Michael Bailey

Profile
- Positions: Offensive lineman, Defensive tackle

Personal information
- Born: October 11, 1982 (age 43) Brampton, Ontario, Canada
- Listed height: 6 ft 7 in (2.01 m)
- Listed weight: 276 lb (125 kg)

Career information
- University: Mount Allison Mounties

Career history
- 2006–2007: Toronto Argonauts*
- * Offseason or practice squad member only
- Stats at CFL.ca (archive)

= Michael Bailey (Canadian football) =

Canadian football player (born 1982)

Michael Bailey (born October 11, 1982) is a Canadian former professional football player with the Toronto Argonauts of the Canadian Football League (CFL).

== Early life ==

In September 2002, he enrolled at Mount Allison University, studying English while playing for both the Mount Allison Mounties football and basketball teams.
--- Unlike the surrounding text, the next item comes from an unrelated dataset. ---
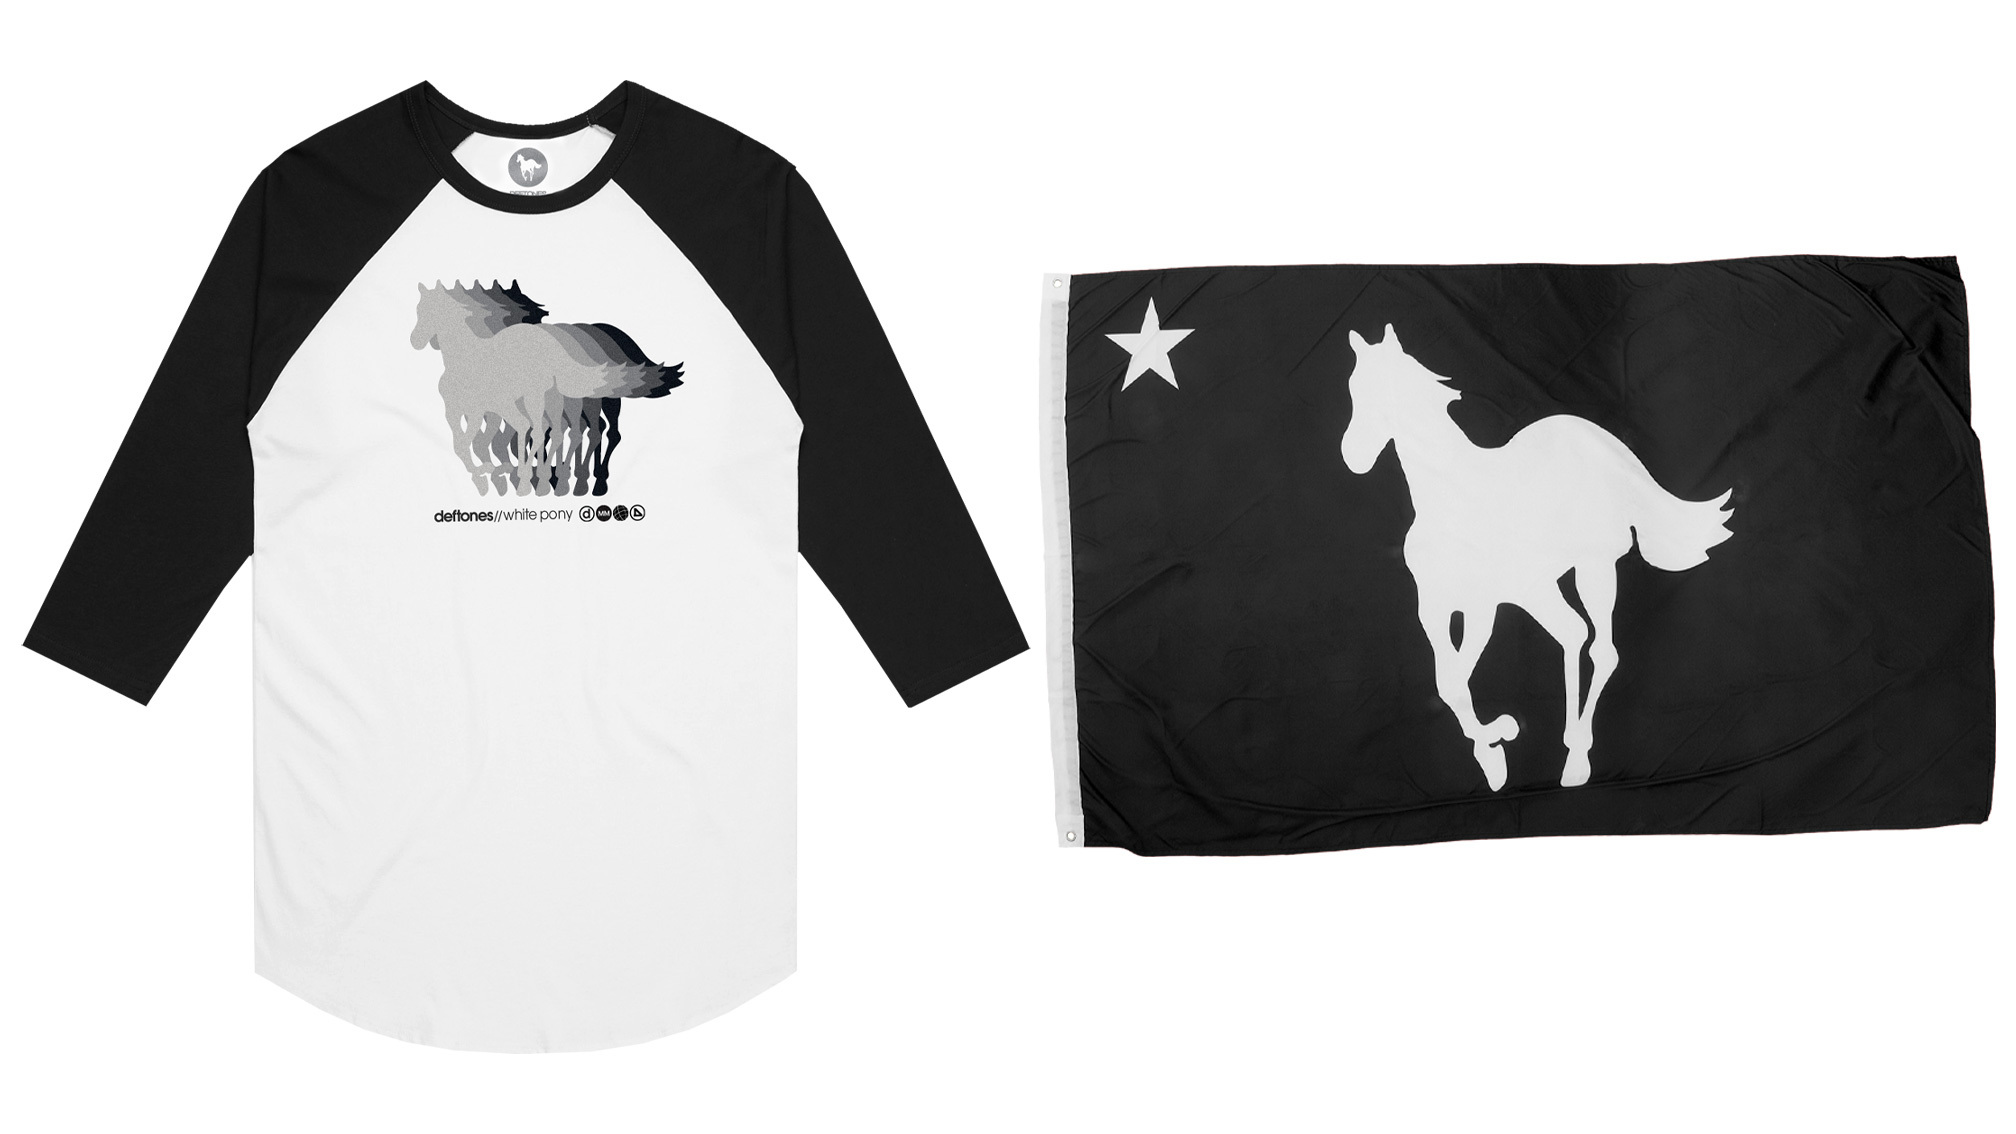 deftones white pony limited edition black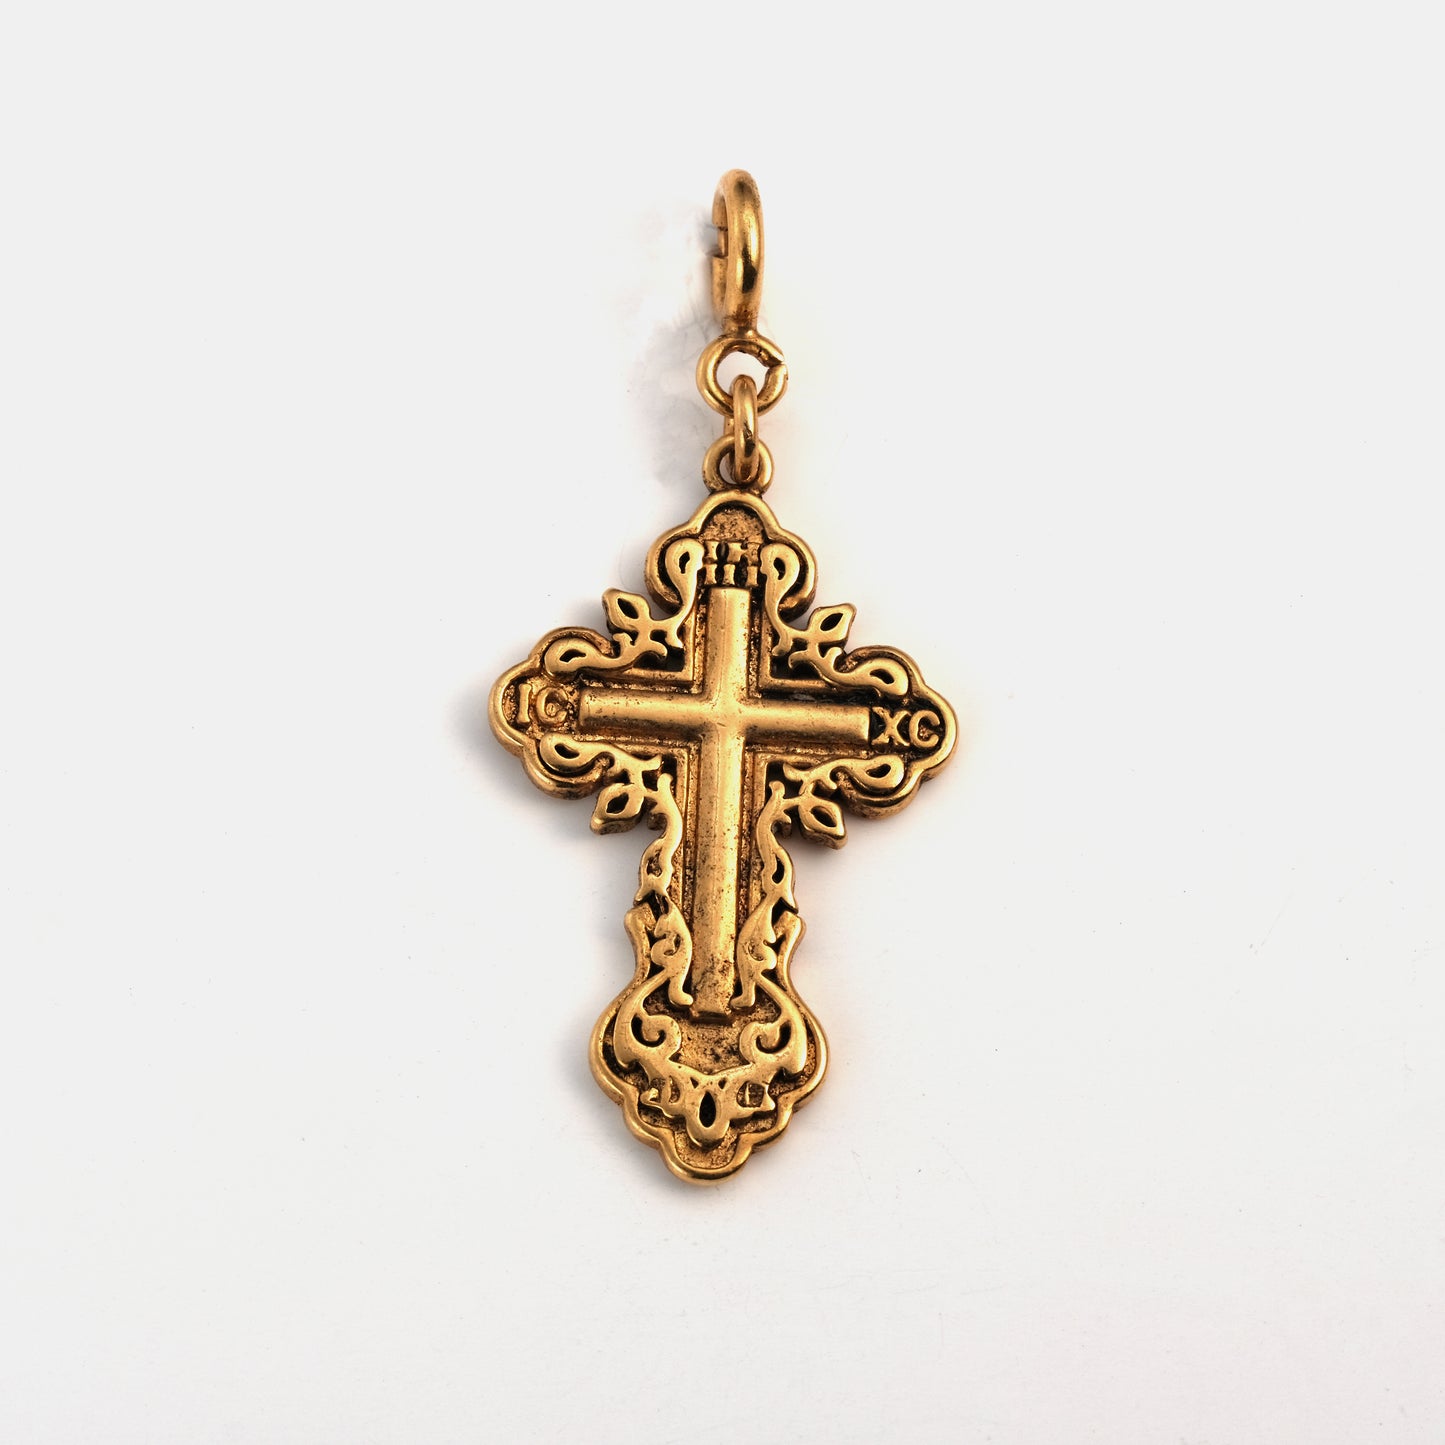 Decorated cross pendant

In 2003, he was named an Atlantic University Sport All-Star and named the Mounties most improved player, recording 36 tackles in 8 games. In 2005, he was selected to compete in the CIS football East West Bowl.

== Professional career ==
Bailey attended the 2006 CFL Evaluation Camp and, though he went undrafted in the 2006 CFL draft, his performance was impressive enough that he was signed by the Toronto Argonauts as a free agent on May 12, 2006, and dressed in both pre-season games versus Hamilton as a backup offensive lineman, backup defensive tackle, and played on special teams. He was assigned to the practice roster at the beginning of the regular season, where he remained until he returned for his final season at Mount Allison on July 29.

He re-signed with the Argonauts on January 3, 2007 but was released at the end of training camp on June 23, 2007.